We weren’t going to be hidden by the government. We were going to be hiding from the government. From the New York City Police Department.
Hiding from everyone from now on.
In the end, it came down to a simple question. It came down to Anna. What was her best chance? What promised a longer future for her? With me or without me? It was possible I could beat the charges. After all, even with adultery thrown into the mix, I might have sympathy on my side—and a clever lawyer, too. I might beat the charges, but it was only fifty-fifty at best.
Could we take the chance? Could we roll the dice?
The reason to do it was Anna.
The reason not to do it was Anna.
I would have to disappear first — tonight.
And Deanna? She might have to wait a long time to join me. Six months, maybe even a year. And all during that time, Anna couldn’t know — we both realized that. She might say something, give me away. For an entire year or so, Anna would have to believe that her father was dead.
We went round and round, back and forth.
Maybe it was simple fatigue that finally beat us down. We kept hammering away at the rational and logical until they both finally switched sides.
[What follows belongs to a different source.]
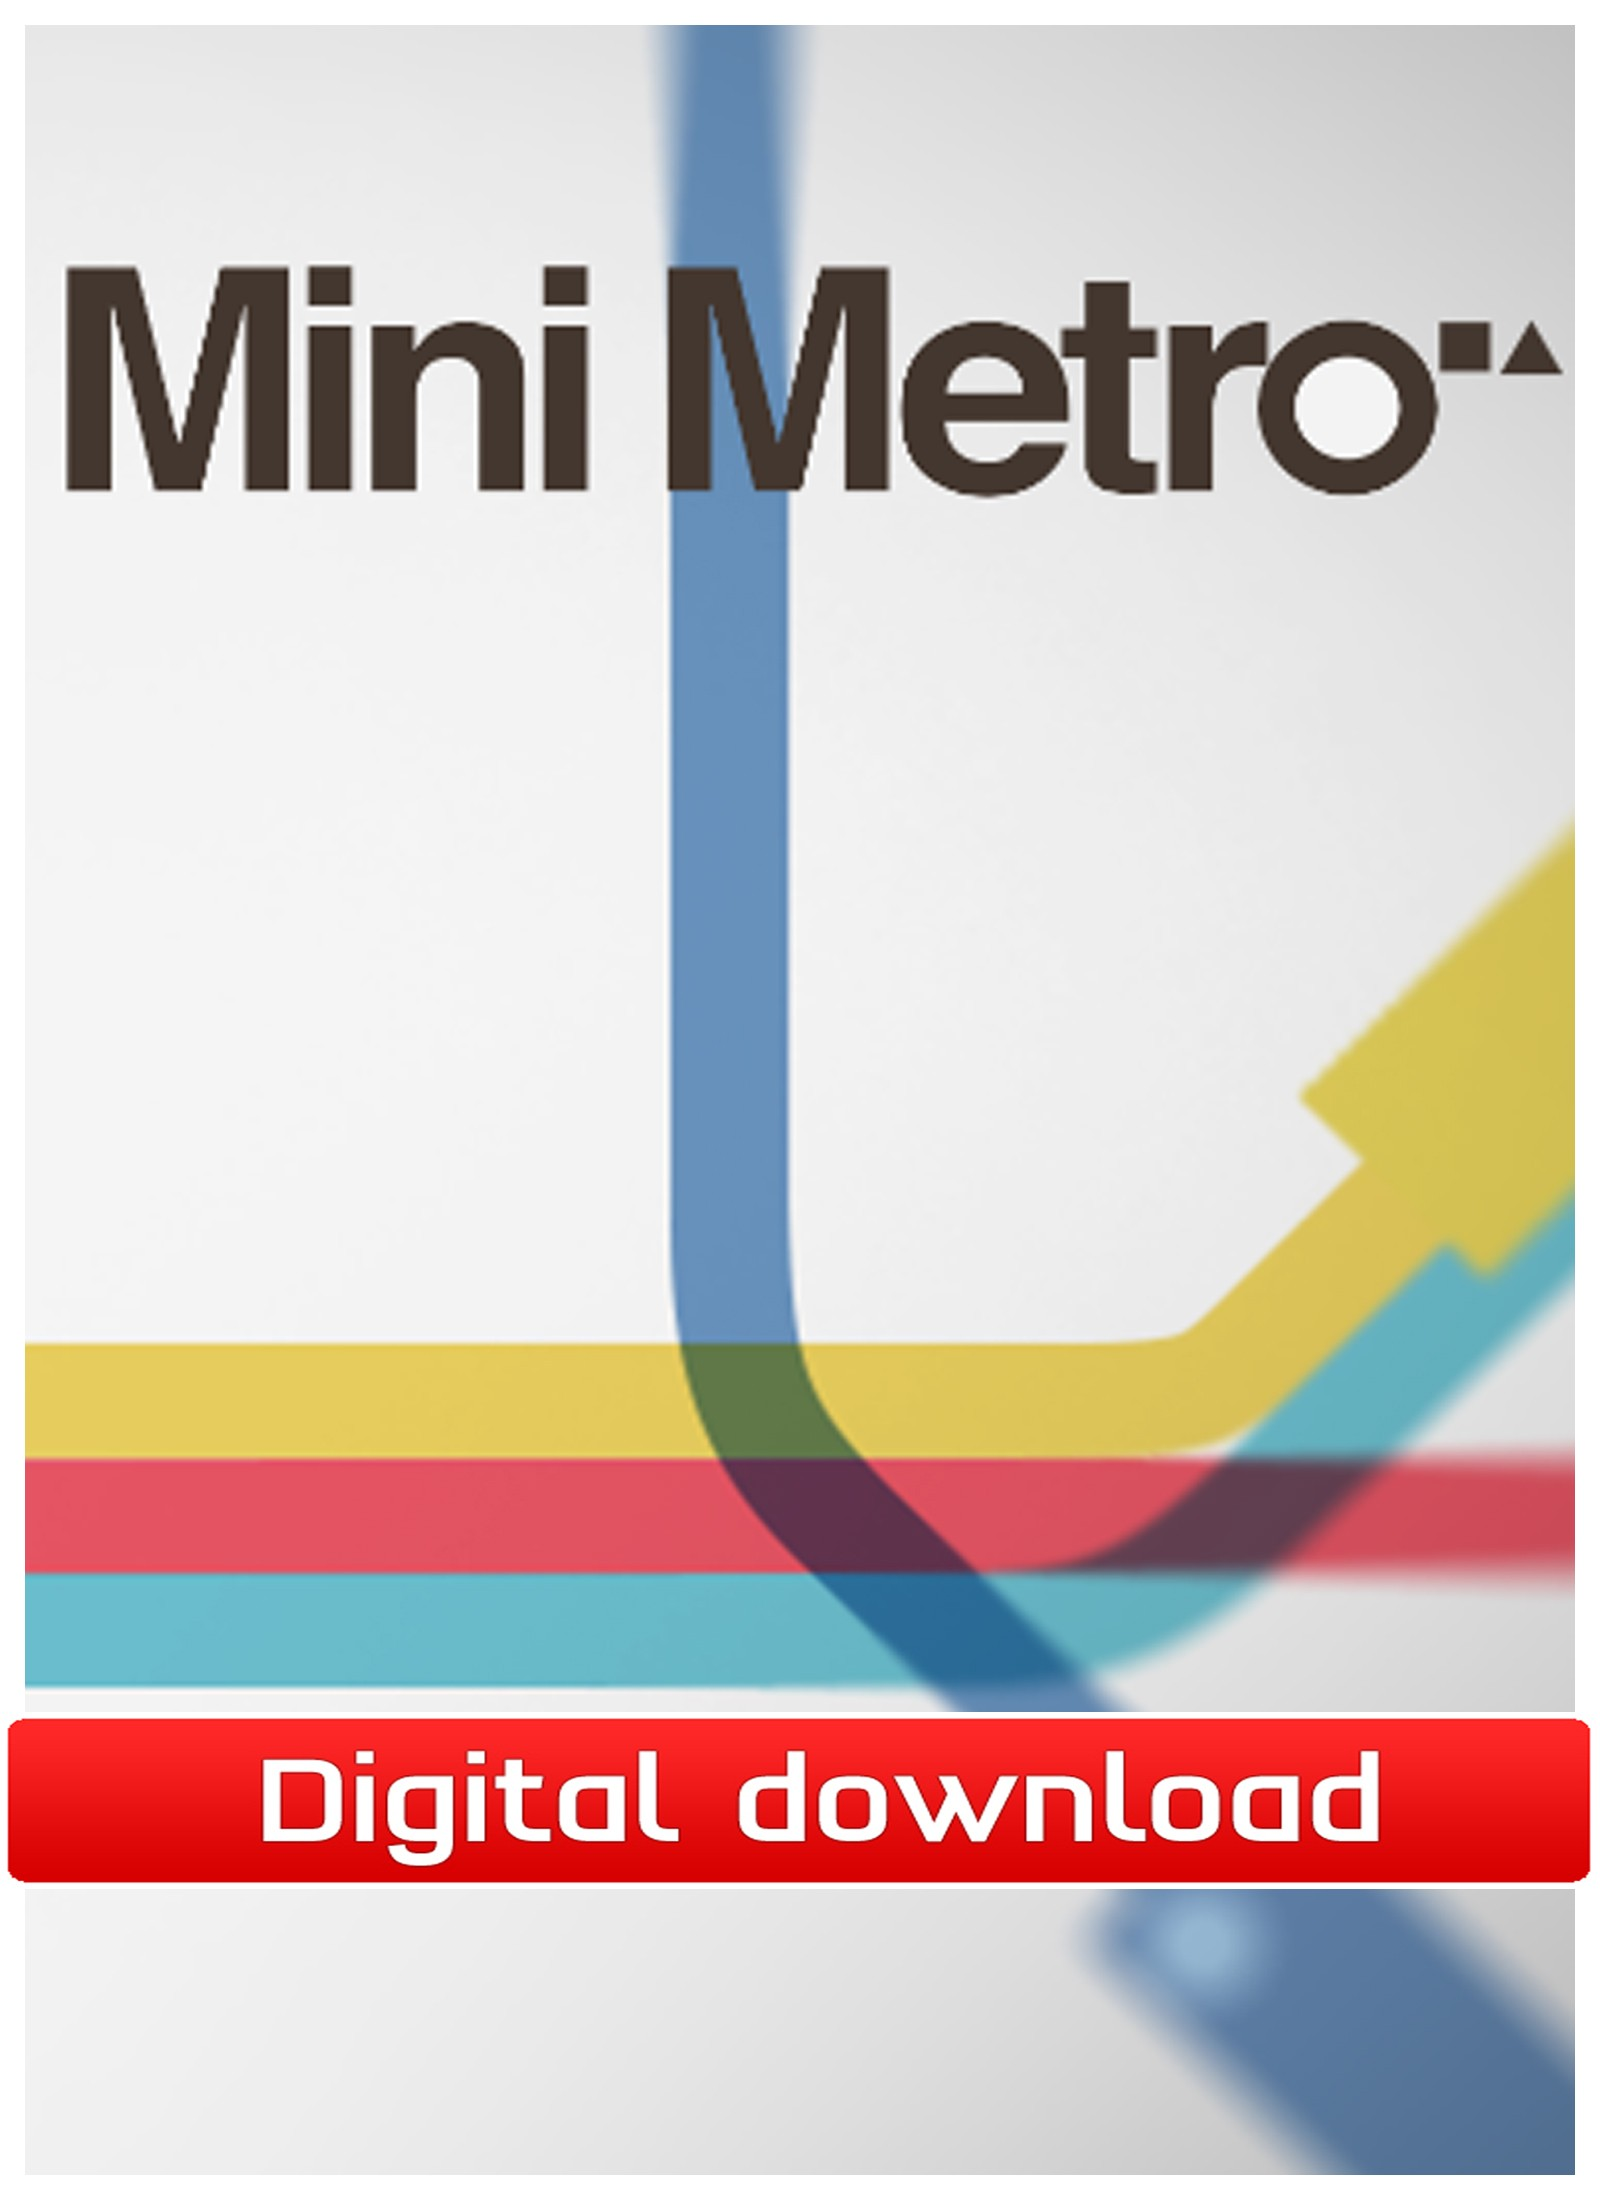 Mini Metro (PC nedlastning) PCDD38175

By five in the morning, the most logical, the most reasonable thing in the world seemed to be to disappear off the face of the earth.
I never turned myself in.
I died.
FORTY-SIX
I left that night.
But before I walked out, before I held Deanna for what seemed like twenty minutes with neither of us saying a word, I tiptoed upstairs and looked in on my daughter.
She was fast asleep, with one arm thrown over her face as if she didn’t wish to see something. Bad dream, maybe. I whispered good-bye to her.
I didn’t have a destination.
My destination was anywhere far from there.
I took a Greyhound bus at 6:00 in the morning that was headed to Chicago. It seemed as good a place as any.
I sat next to a thin and restless prelaw student who was on his way back to Northwestern.
“Mike,” he said to me, and put his hand out.
“Lawrence,” I said. “You can call me Larry.” It was the first time I’d really used my new name — that I’d said it out loud. It felt odd, like seeing myself with a beard. I would have to get used to it.
Mike was a sports junkie; he wanted to be a players agent when he graduated, he told me. I was going to tell him that maybe I could help him, that I knew one or two agents, having used athletes in commercials for years, but I stopped myself. From now on, I wasn’t in advertising. From now on, I'd never been in advertising. Which got me thinking about what I did do if someone asked. And what I would do whenever I got to where I was going.
Except for a teaching degree I’d gotten from Queens College — not because I particularly wanted to be a teacher, but because I didn’t know what else I was going to do back then — advertising had been it. How was I going to make a living now?